We remain buyers of CLP Holdings 00002 after adjusting our earnings forecast assumptions to reflect reduced losses for its Australian coal-fired power generation activities in 2023 and a lowered long-term operating margin. The net impact is a decline in our fair value estimate to HKD 63 from HKD 66, which prices CLP at 1.4 times 2023 price/book and 9.3 times EV/EBITDA, well within its 10-year range. We think the hiccups in 2022 are largely behind CLP, with wholesale prices in Australia and global fuel costs declining. This should allow CLP to grow its dividend payout by 2%-3% annually.

CLP’s first interim dividend is unchanged from the year-ago level at HKD 0.63. This tends to imply an unchanged dividend for the full year, but we keep our projection for a 2% increase to HKD 3.16 for 2023. Given a better outlook for its Australian operations in 2023, we do not expect CLP to have to inject more capital into EnergyAustralia. But we still expect reinvestment needs to be relatively high in 2023 as it completes its current Scheme of Control five-year development plan. We estimate capital expenditure to be around HKD 15 billion in 2023, similar to 2022′s level, before declining to HKD 13.1 billion in 2024. We assume spending growth of 3% in the next five-year plan (2024-28), but with inflation currently higher, the value of the next plan could exceed our forecast. This could lift our growth trajectory for CLP.
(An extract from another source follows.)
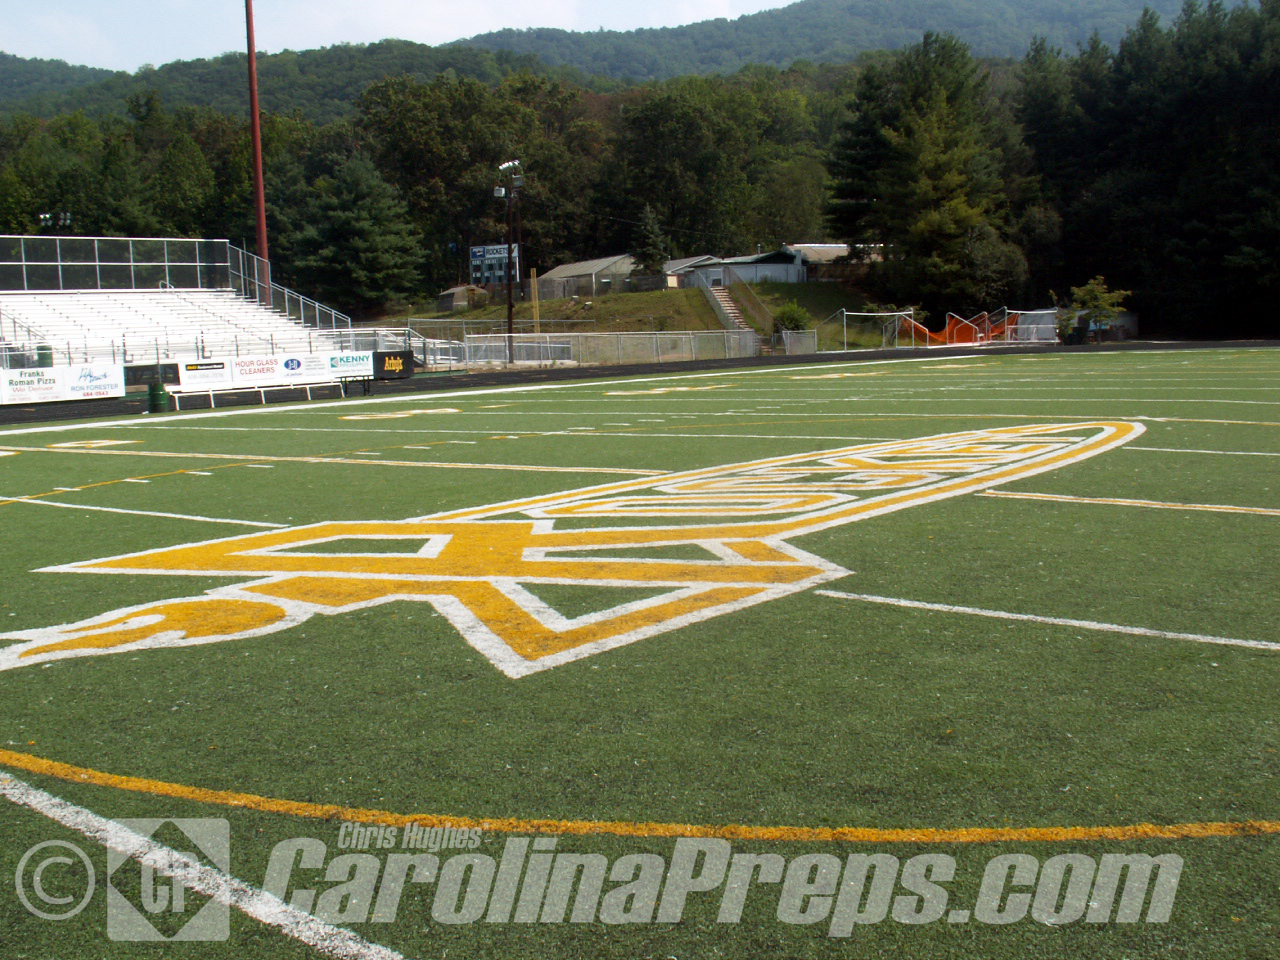 R.L. Dalton Stadium @ A.C. Reynolds High School in Asheville, N.C.<br /> <br /> Photo Credit: Chris Hughes 8/31/2008
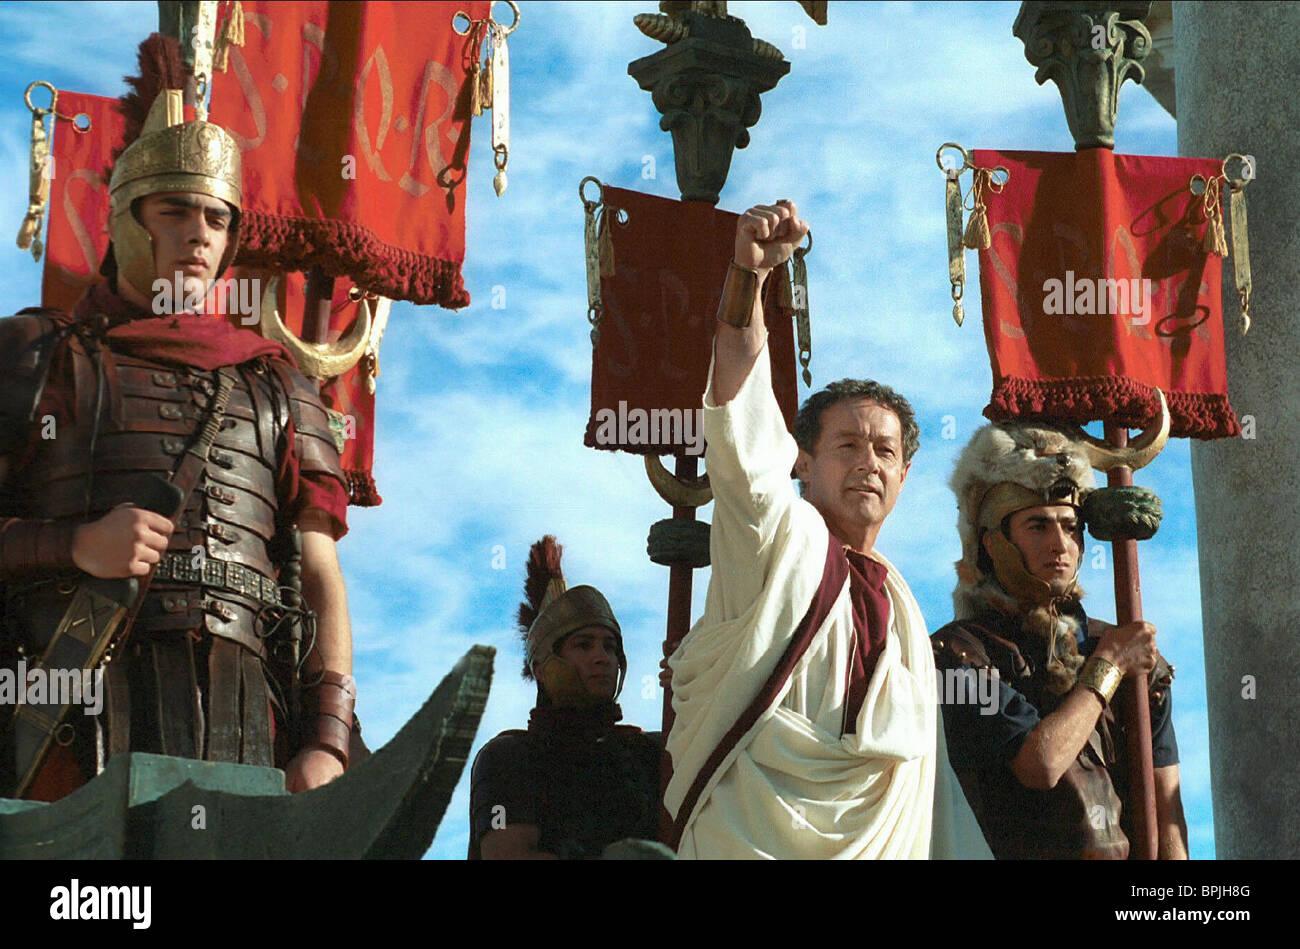 GERARD KLEIN IMPERIUM: AUGUSTUS (2003) - Stock Image

We factor in a more benign operating environment for EnergyAustralia in 2023, but we believe the Australian operation remains a swing factor in CLP’s earnings. In 2019 and 2020, Australia made up around 13%-14% of CLP’s recurring net profit before head office costs. Our base case sees a gradual recovery to make up 8% of recurring profit in 2025, as we still see some risk to a full normalization in output for its aging Yallourn power plant. We factor in a midcycle operating margin of 16.5%, down from 18%, which is on the lower end of its historical range.

The author or authors do not own shares in any securities mentioned in this article. Find out about Morningstar’s editorial policies.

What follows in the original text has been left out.